Vous y consacrez du temps, vous achetez de nouvelles plantes, vous arrosez consciencieusement… et pourtant, quelque chose cloche. Le jardin ne ressemble pas à ce que vous imaginiez. La plupart du temps, ce n'est pas une seule grande erreur qui est en cause, mais plusieurs petites habitudes que presque tout le monde adopte sans s'en rendre compte.
Vous plantez trop en une seule fois
C'est l'erreur de planification la plus répandue. Au printemps, l'enthousiasme est à son comble : tout est beau en jardinerie, et on rentre à la maison les bras chargés de plantes qu'il faut bien caser quelque part. Résultat : des massifs surchargés, où les végétaux s'étouffent mutuellement, manquent de lumière, d'espace et d'air.
Un jardin ne s'améliore pas parce qu'il contient plus de plantes. C'est souvent l'inverse : moins de plantes, mieux placées, donnent toujours une impression plus soignée qu'un massif en surcharge.
Vous vous occupez de la plante, pas du sol
La plupart des jardiniers se concentrent sur ce qui pousse et oublient ce dans quoi ça pousse. Pourtant, la qualité du sol détermine presque tout : le développement de la plante, l'efficacité de l'arrosage, la résistance aux maladies.
Si le sol est tassé, pauvre en nutriments ou mal drainé, même les soins les plus attentifs ne suffiront pas. La plante ne sera jamais vraiment belle.
Une fois par an, ameublissez la terre et enrichissez-la avec du compost. Ce seul geste fait plus pour votre jardin que n'importe quel produit phytosanitaire coûteux.
Vous arrosez au mauvais moment
Arroser en plein midi est l'une des habitudes les plus courantes et les plus néfastes. Sous un soleil de plomb, l'eau s'évapore avant même d'atteindre les racines, et les gouttes qui restent sur les feuilles peuvent provoquer des brûlures.

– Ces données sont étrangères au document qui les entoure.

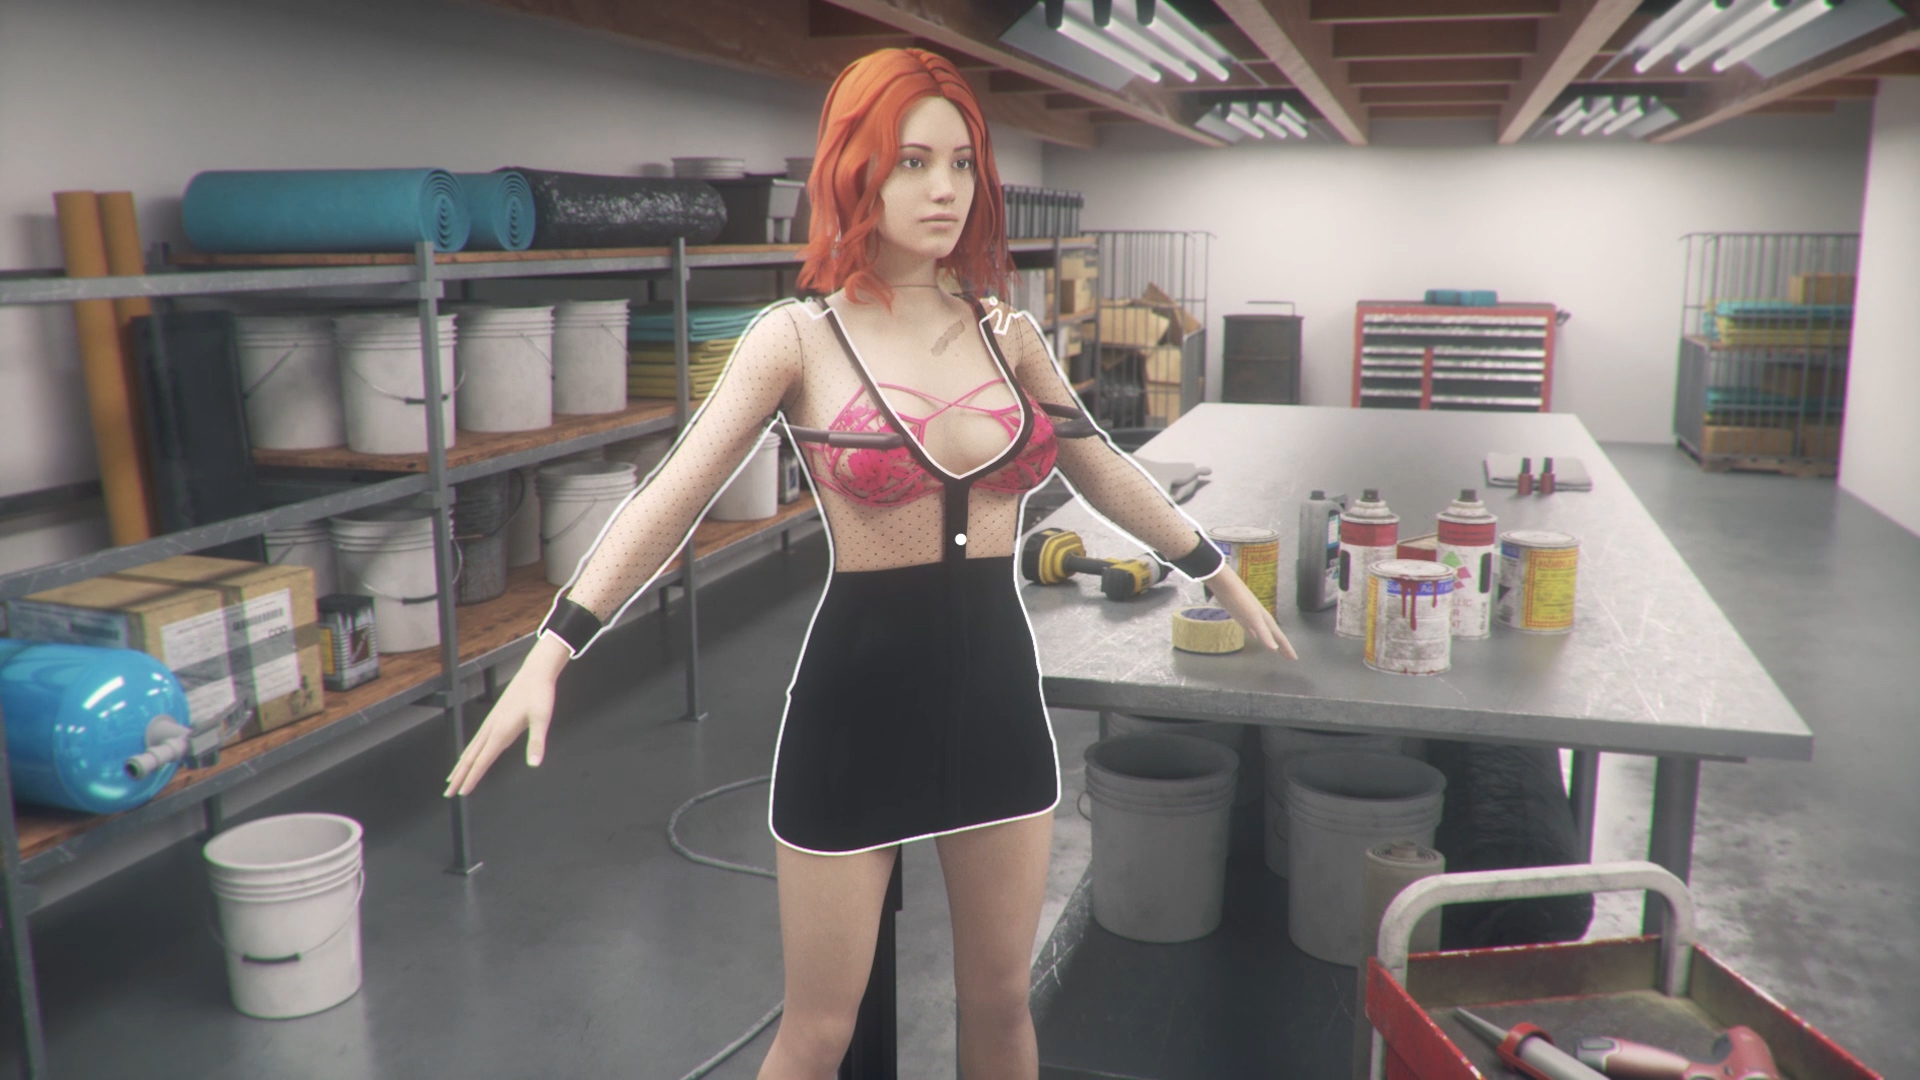 情趣用品店老闆模擬器《Plastic Love》,體驗打造你的充氣娃娃帝國!

Le matin est le meilleur moment pour arroser : la plante se charge en eau pour toute la journée, les feuilles restent sèches, ce qui réduit aussi le risque de maladies fongiques. Arroser le soir n'est pas idéal non plus : un sol et des feuilles humides pendant la nuit favorisent les moisissures et les nuisibles.
Vous négligez la taille
Beaucoup hésitent à tailler, de peur de couper ce qu'il ne fallait pas. Alors on ne touche à rien. Résultat : des arbustes et des arbres qui s'embroussaillent, fleurissent de moins en moins, produisent moins de fruits et prennent un aspect de plus en plus négligé.
La taille n'est pas une agression : c'est l'un des meilleurs moyens de garder une plante en bonne santé et bien formée. La plupart des arbustes et des vivaces en ont régulièrement besoin, et une taille effectuée au bon moment se voit rapidement dans les résultats.
Vous ne pensez qu'à l'été
Beaucoup de jardins sont conçus avec un seul objectif en tête : être magnifiques en été. Splendides au printemps, flamboyants en juillet, puis ternes et sans intérêt dès septembre. Un jardin bien pensé offre quelque chose à chaque saison.
Si votre jardin n'est conçu que pour une courte période, il paraîtra vide et abandonné pendant la majeure partie de l'année — même s'il est parfaitement entretenu.
Vous confondez les besoins en ensoleillement
C'est un détail que l'on survole facilement, et pourtant il change tout. Planter une espèce d'ombre en plein soleil, ou une plante solaire à mi-ombre, conduit à un dépérissement lent et inexorable. La plante ne mourra pas du jour au lendemain — elle s'affaiblira progressivement, perdra ses couleurs, s'étiolera, fleurira de moins en moins.
Avant d'acheter, observez quels massifs reçoivent du soleil, à quelle heure et pendant combien de temps. Choisissez ensuite vos plantes en conséquence, pas l'inverse.
Vous désherber trop tard — ou pas assez souvent
Le désherbage, tout le monde le remet à plus tard parce que c'est fastidieux. Le problème, c'est que les mauvaises herbes se multiplient de façon exponentielle : ce que vous laissez passer une semaine vous demandera quatre fois plus de travail la semaine suivante.
Une jeune adventice qui vient de germer s'arrache en quelques secondes. Une mauvaise herbe bien enracinée, qui a déjà monté en graine, est une tout autre affaire.
Un désherbage régulier, fait par petites sessions, demande bien moins d'efforts au total que de grandes opérations ponctuelles menées en catastrophe.